2. The high spatiotemporal resolution optical system suitable for X-ray diagnostics according to claim 1, characterized in that: the nonlinear medium (3) is calcium fluoride.

3. The high space-time resolution optical system suitable for X-ray diagnosis according to claim 1, characterized in that: the dispersive medium (7) is a glass rod.

4. The high space-time resolution optical system suitable for X-ray diagnosis according to claim 1, characterized in that: the X-ray response module comprises a half-mirror (11), a semiconductor response medium (12) arranged between the half-mirror (11) and a target (13) and a metal aperture (14) arranged between the target (13) and the semiconductor response medium (12), wherein one side, close to the metal aperture (14), of the semiconductor response medium (12) is plated with a layer of detection light reflection film (14 a);

x-rays generated by interaction of the target hitting laser and the target (13) are imaged on a semiconductor response medium (12) through a metal small hole (14), meanwhile, two beams of detection light emitted from the detection light generation module are emitted into the semiconductor response medium (12) through the half-transmitting mirror (11), carry the information of the space-time evolution process of the X-rays and then are reflected back to the half-transmitting mirror (11) from the semiconductor response medium (12), and finally are emitted to a first 4f system (15) through the half-transmitting mirror (11).

5. The high spatiotemporal resolution optical system suitable for X-ray diagnosis according to claim 4, characterized in that: the half-transmitting and half-reflecting mirror (11), the semiconductor response medium (12), the metal small hole (14) and the target (13) are all arranged in the light shield.

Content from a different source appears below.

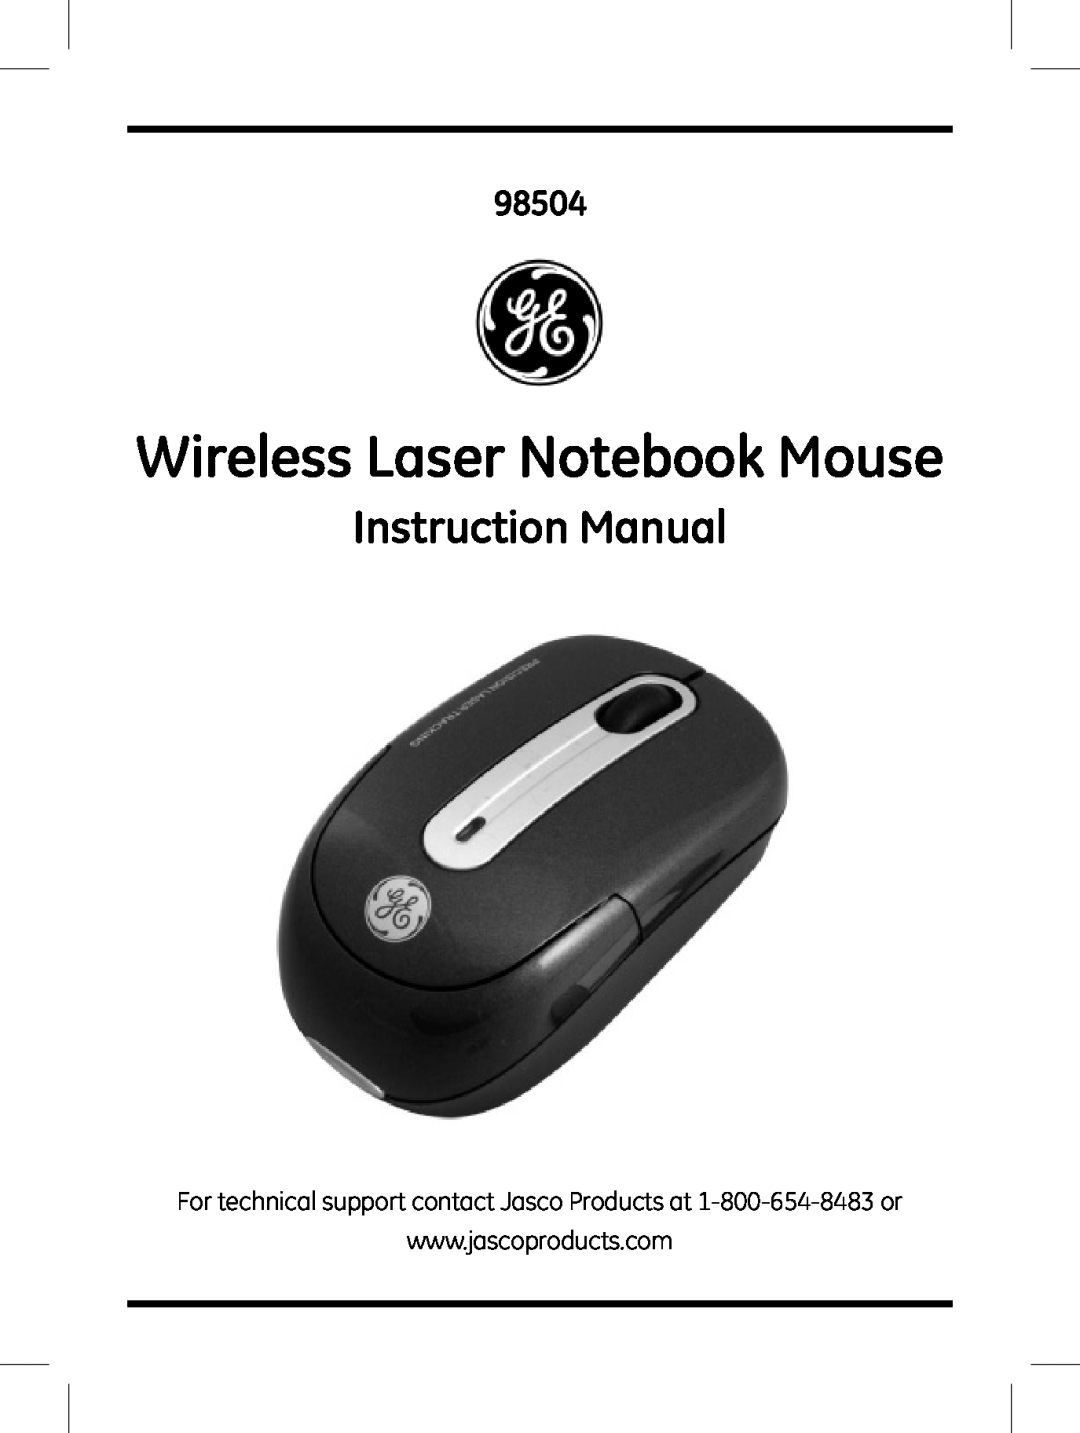 GE 98504 instruction manual Wireless Laser Notebook Mouse, Instruction Manual 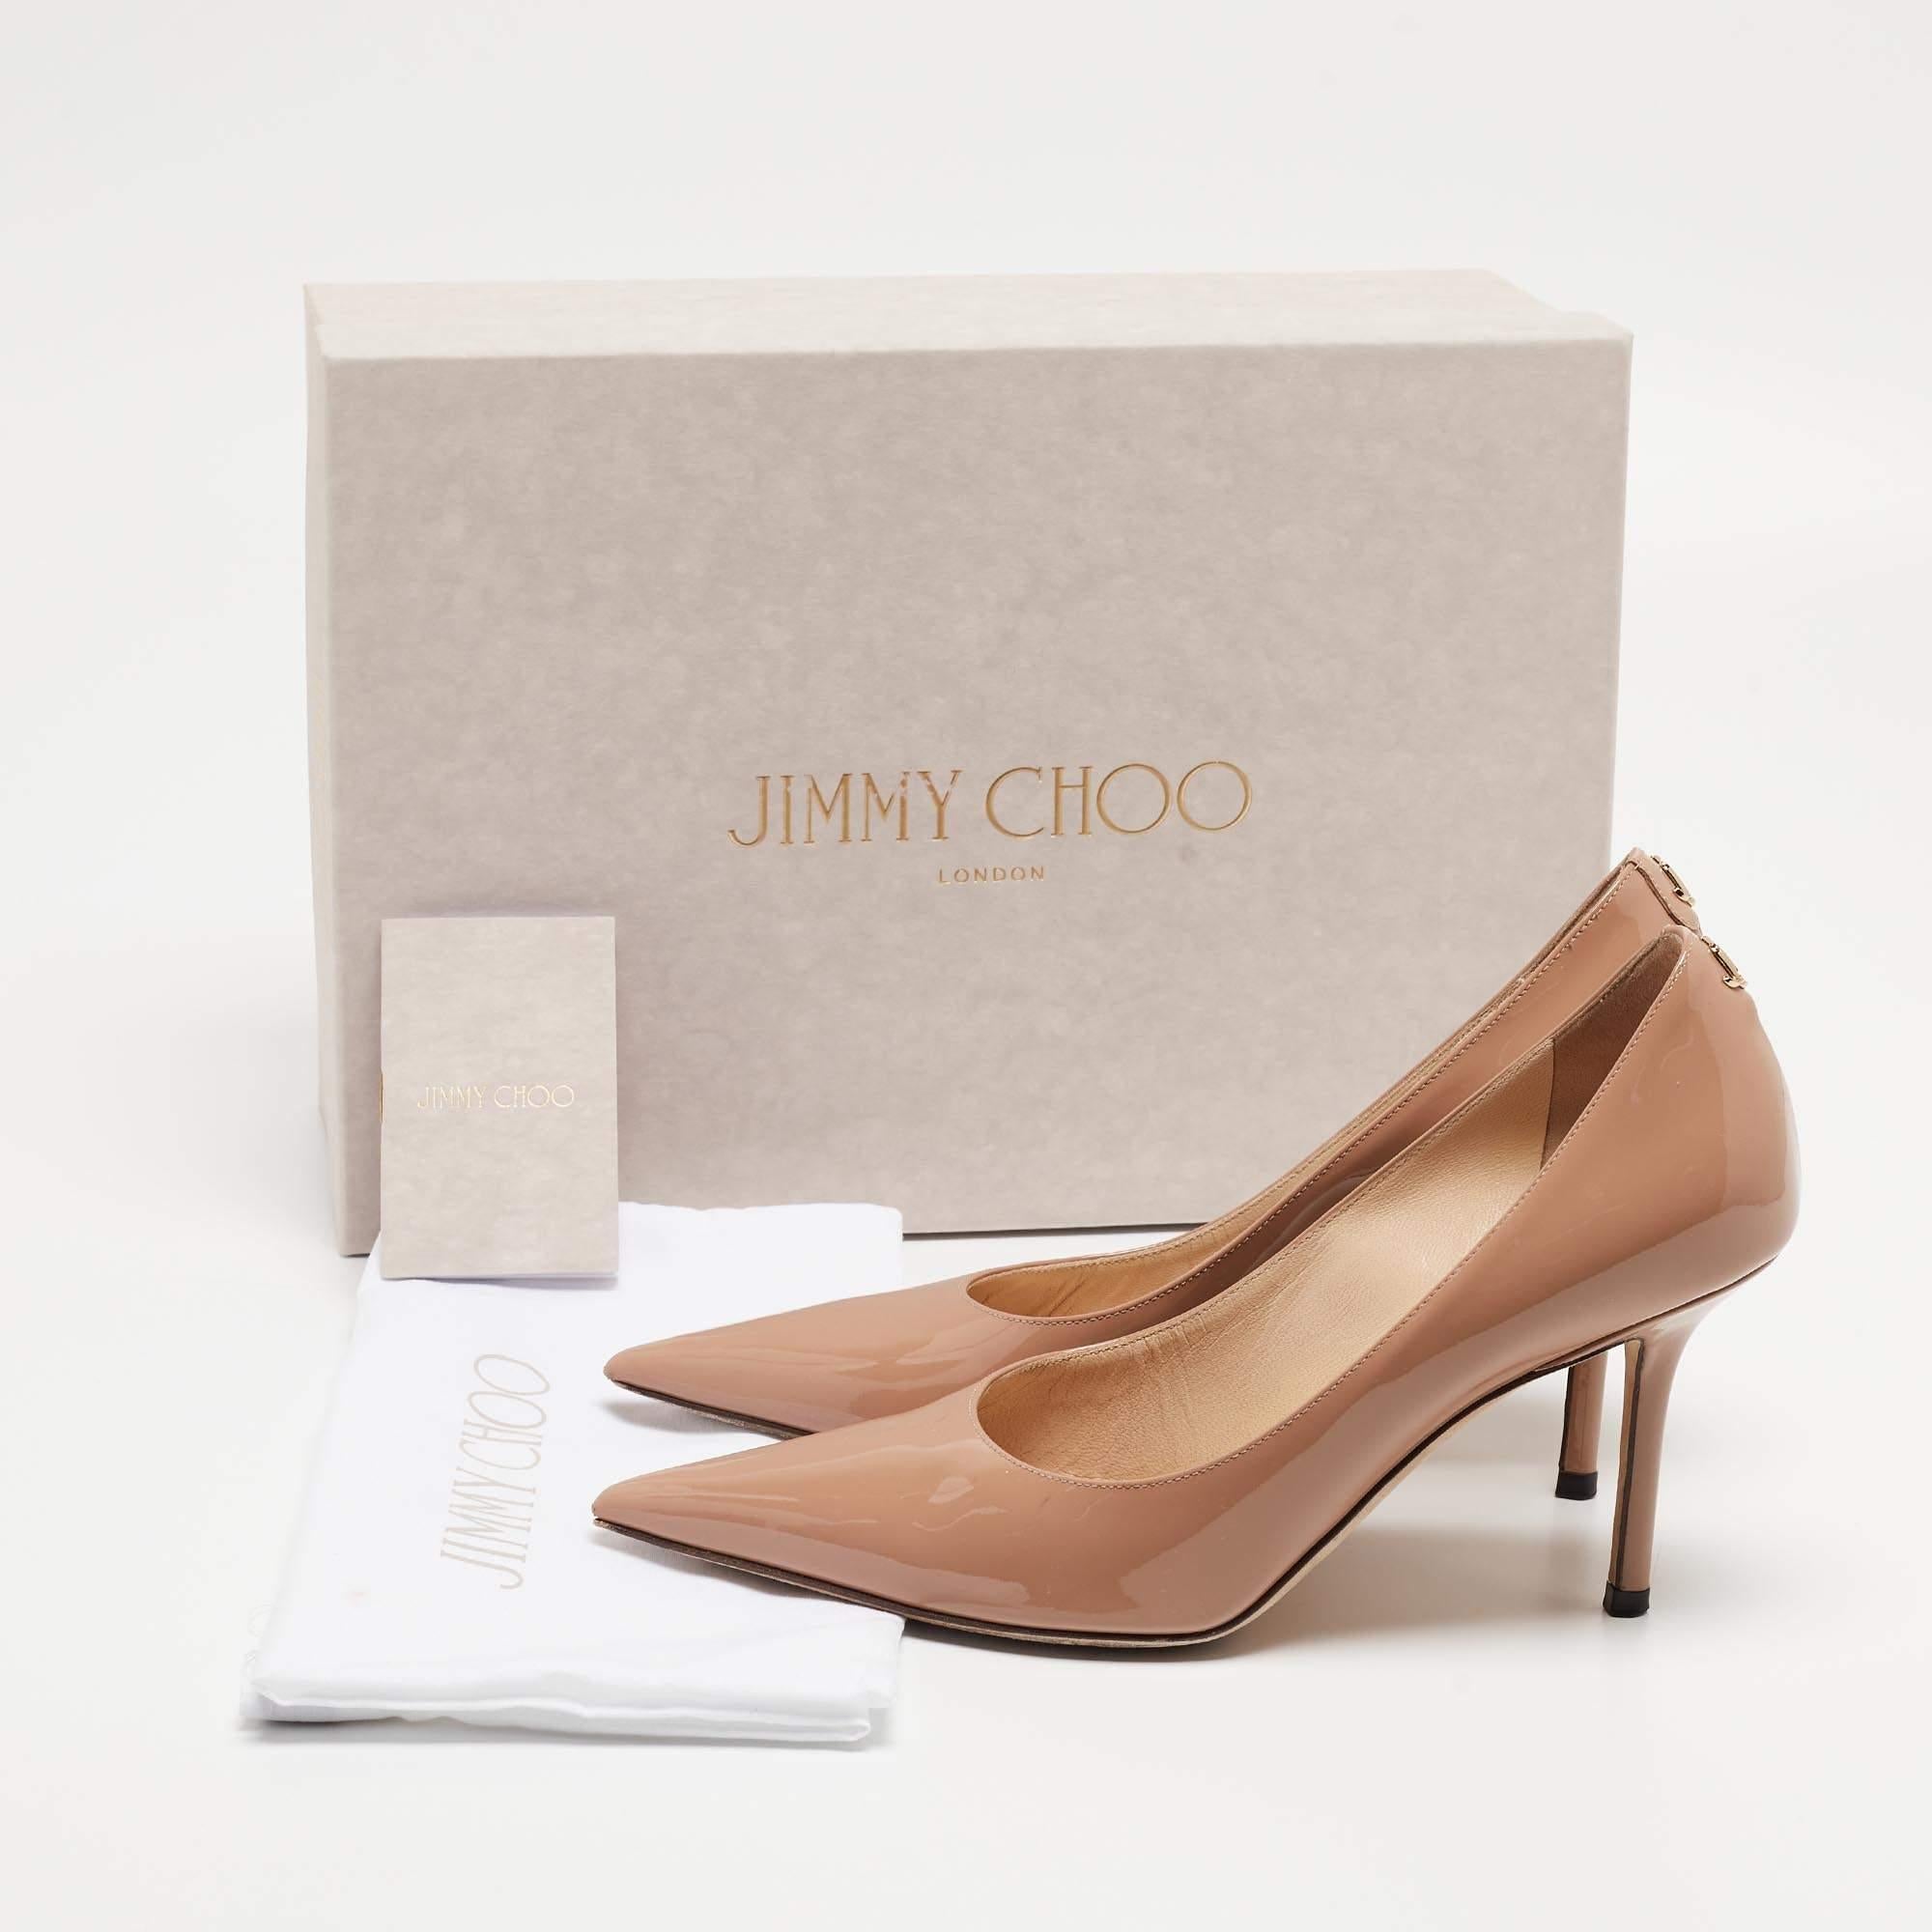 Jimmy Choo Dusty Pink Patent Leather Love Pumps Size 36 For Sale 5

6. The high space-time resolution optical system suitable for X-ray diagnosis according to claim 4, characterized in that: the probe light reflection film (14a) is copper with a thickness of 100 nm.

7. The high space-time resolution optical system suitable for X-ray diagnosis according to claim 4, characterized in that: the semi-transparent semi-reflecting mirror (11) is a non-polarization wide-spectrum semi-transparent semi-reflecting mirror.

8. The high space-time resolution optical system suitable for X-ray diagnosis according to claim 1, characterized in that: a reflector (20) is arranged between the transmission grating (19) and the CCD (21), and multiple beams of detection light emitted by the transmission grating (19) are reflected by the reflector (20) and then are imaged on different positions of the CCD (21) respectively.